### Assignment
Wherever pictures appear in the listing below, leave them out, and copy exactly, and only, everything from the line with "Hand Knotted Masterpiece" down to the line with "Installing Crown Molding: Getting".

### Listed entries
%%

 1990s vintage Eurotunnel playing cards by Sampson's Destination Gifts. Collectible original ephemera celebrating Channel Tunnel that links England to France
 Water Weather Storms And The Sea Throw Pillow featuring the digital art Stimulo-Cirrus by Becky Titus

%%
%%

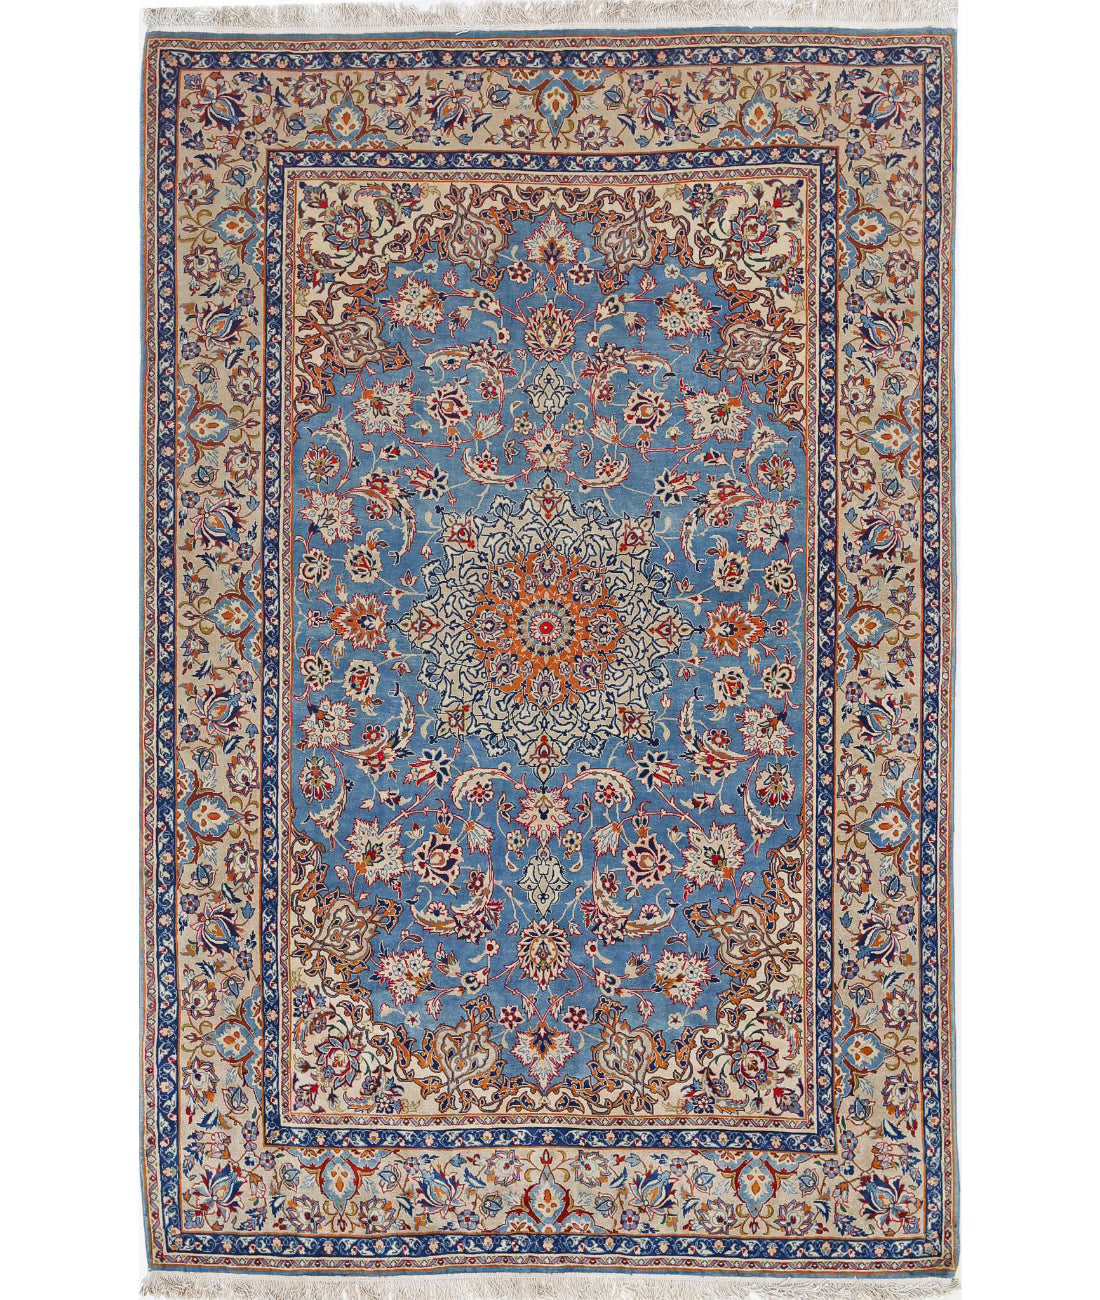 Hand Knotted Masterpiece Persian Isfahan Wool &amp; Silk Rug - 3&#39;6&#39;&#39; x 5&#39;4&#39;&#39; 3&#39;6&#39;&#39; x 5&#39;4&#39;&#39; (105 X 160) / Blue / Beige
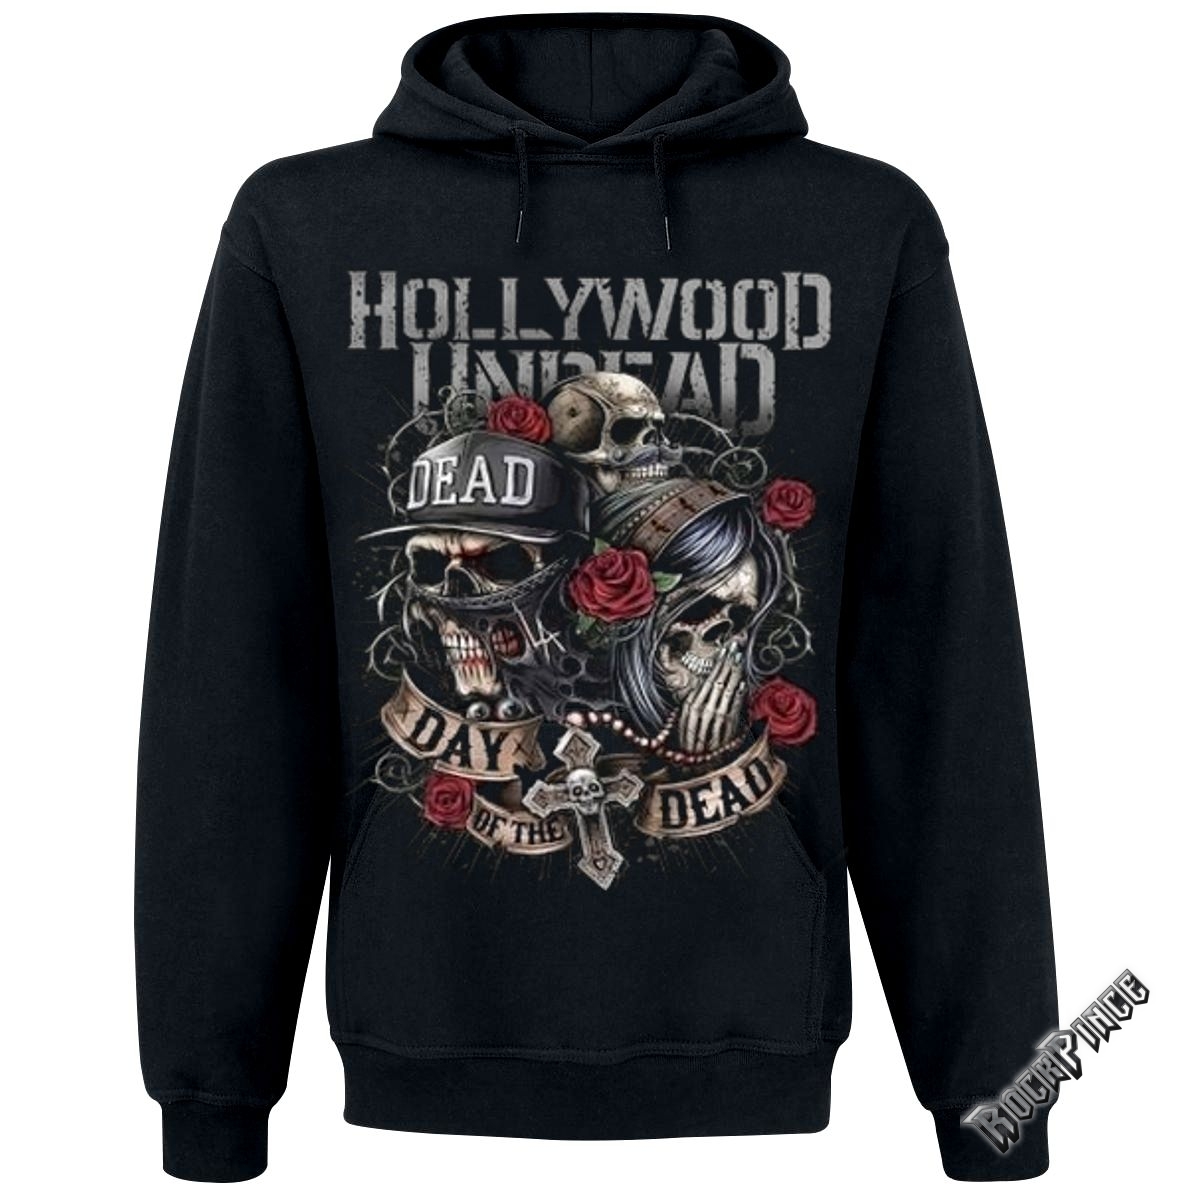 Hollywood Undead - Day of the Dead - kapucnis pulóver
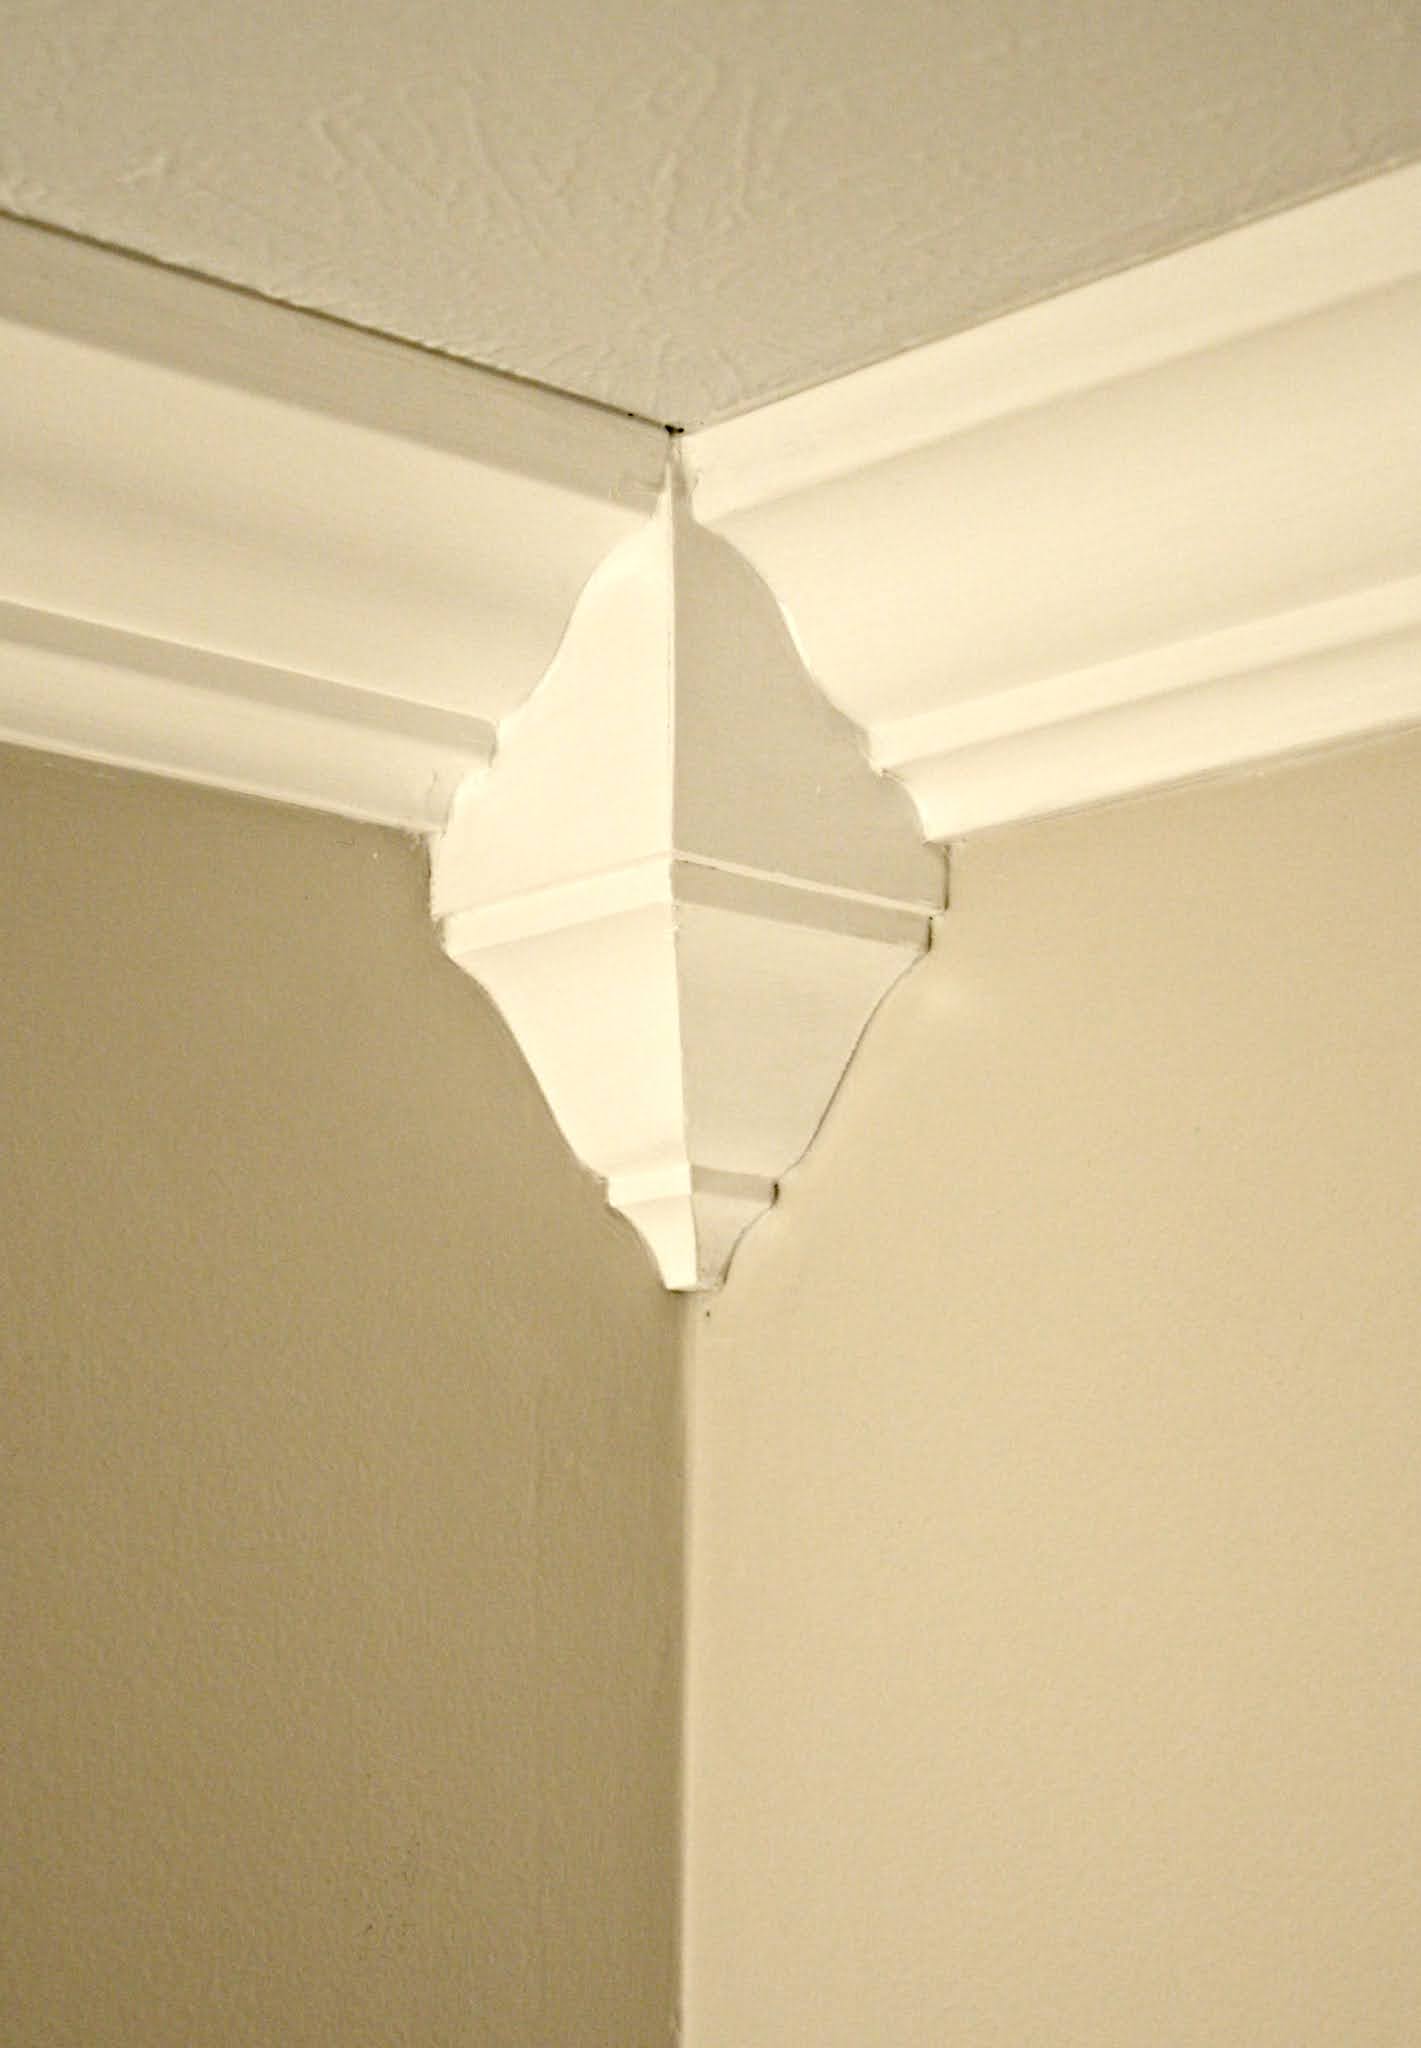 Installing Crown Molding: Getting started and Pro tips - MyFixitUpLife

%%

### Response for this exercise
 Hand Knotted Masterpiece Persian Isfahan Wool &amp; Silk Rug - 3&#39;6&#39;&#39; x 5&#39;4&#39;&#39; 3&#39;6&#39;&#39; x 5&#39;4&#39;&#39; (105 X 160) / Blue / Beige
 Hollywood Undead - Day of the Dead - kapucnis pulóver
 Installing Crown Molding: Getting started and Pro tips - MyFixitUpLife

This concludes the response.